I'd like to pack it all up, sell it, and get the hell out of dodge.
But I know that that's not the answer.
What prompted this little meltdown? We were blessed enough to come into a wee bit of money, and it has to go toward debt. On the one hand, I'm grateful that I have this extra bit of moola to put toward our bills. On the other hand, I'm frustrated that our previous financial missteps don't allow us to enjoy this little windfall.
J and I have been in an unfortunate cycle over the last three and a half years. A BIG part of it is circumstantial -job losses (hello, four months of being unemployed), lower incomes, blah, blah, blah. But part of it is a result of "violent spending". That's a direct quote from J. Now, we're not popping bottles of Cristal or buying flat-screen T.V.'s, but every little bit adds up. I completely accept full responsibility for the financial decisions that put us where we are today.
But, cookies? It sucks. We're in a holding pattern. It's not that I don't see the light at the end of the tunnel, it's just that at this point, the light is a teeny, tiny sliver of light that I really have to squint to see.
I'm trying to slowly implement some of the strategies advocated by FB, and I'm also getting this book.

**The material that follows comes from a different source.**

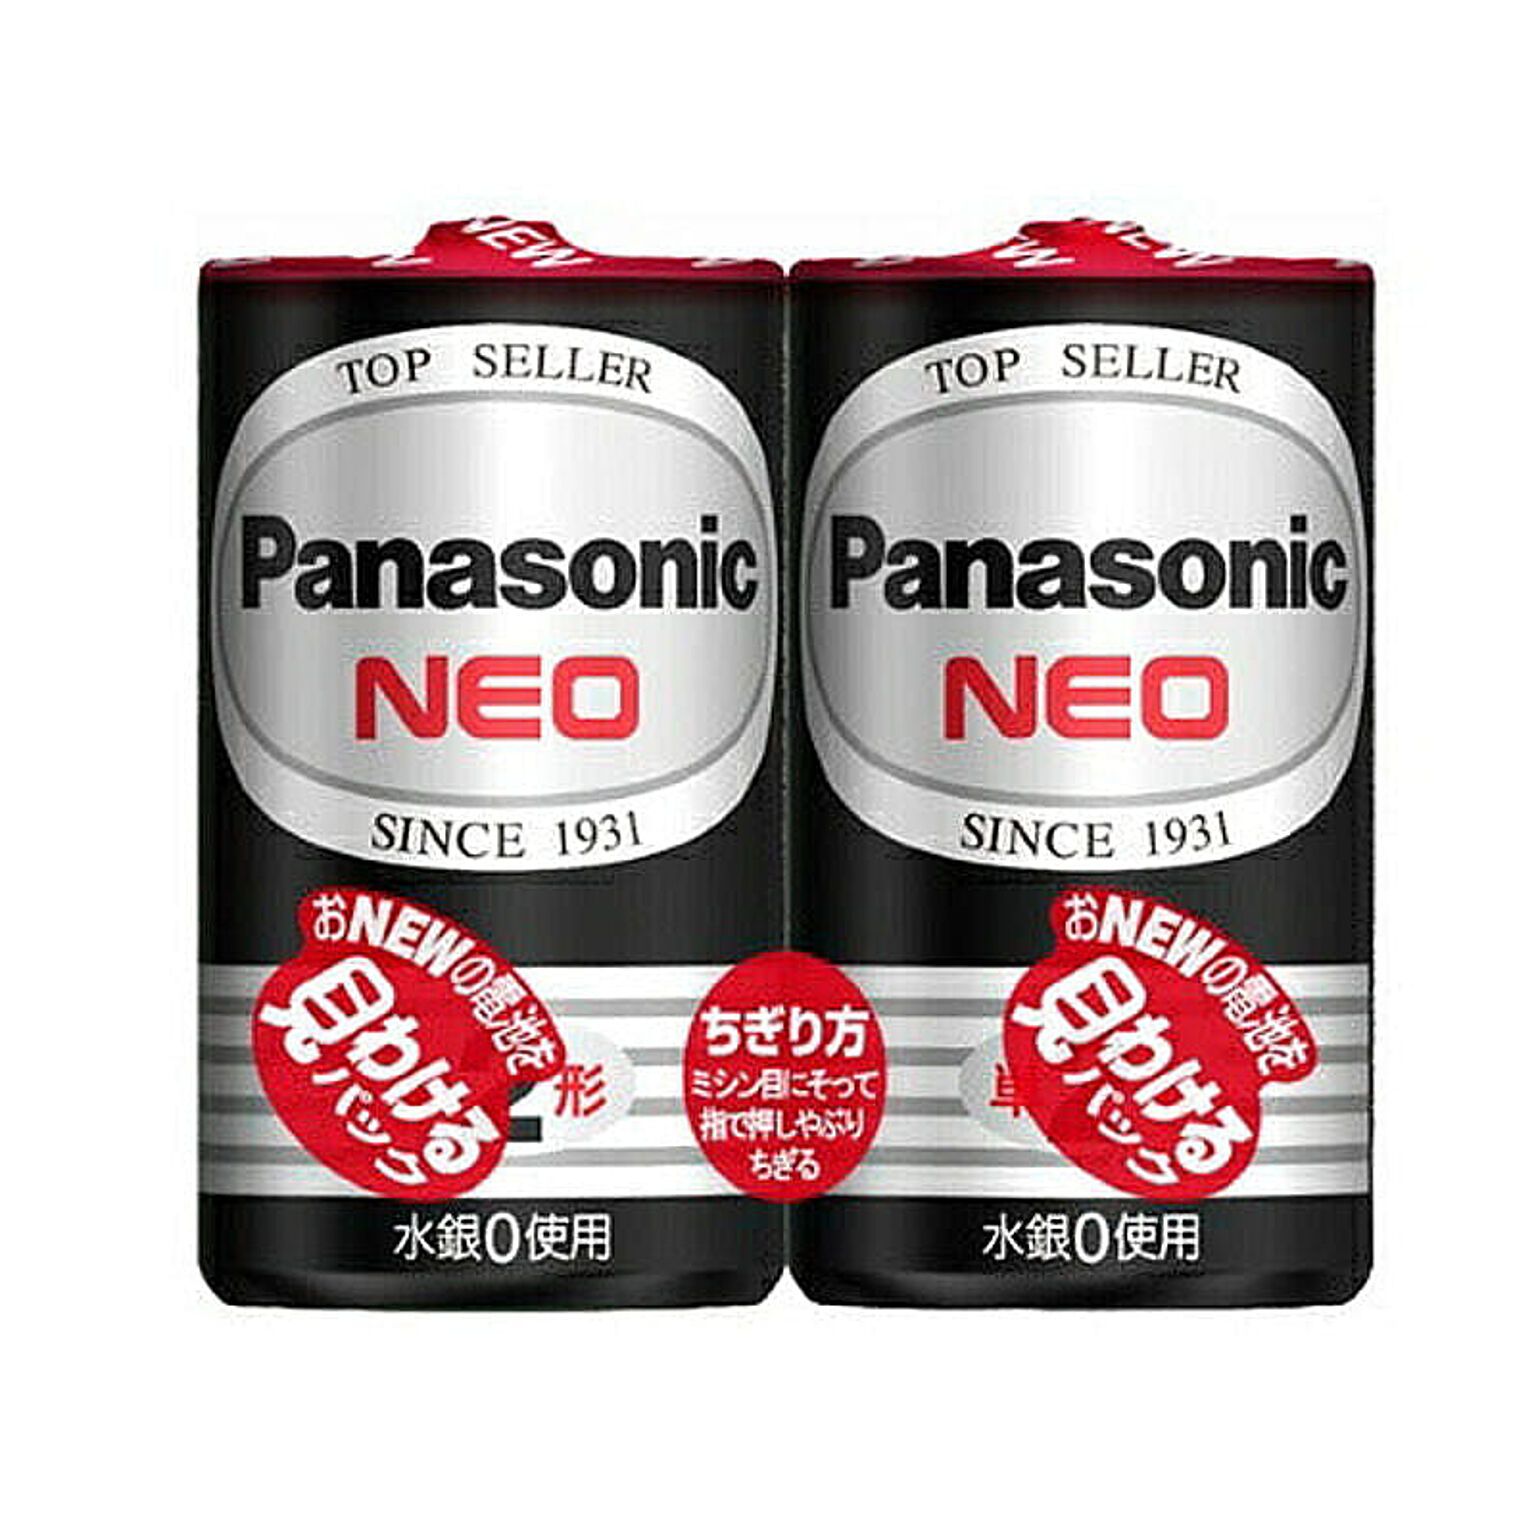 パナソニック Panasonic 乾電池 単2形マンガン乾電池 ネオ ブラック 1.5V 2本パック R14PNB/2VSE 管理No. 4984824410817

And I've applied to both Kaplan and the Princeton Review to see if I can get a part-time job as an S.A.T. or GRE tutor. Working for either of these two companies would be great because the money would be worth it ($17 - $25/hour, which I think is awesome for part-time work) and the hours are flexibile, mostly nights or weekends. Getting a job and then working 10 hours/week would be a huge help, and it would still allow me to maintain my current job.
Deep sigh. I just want things to change.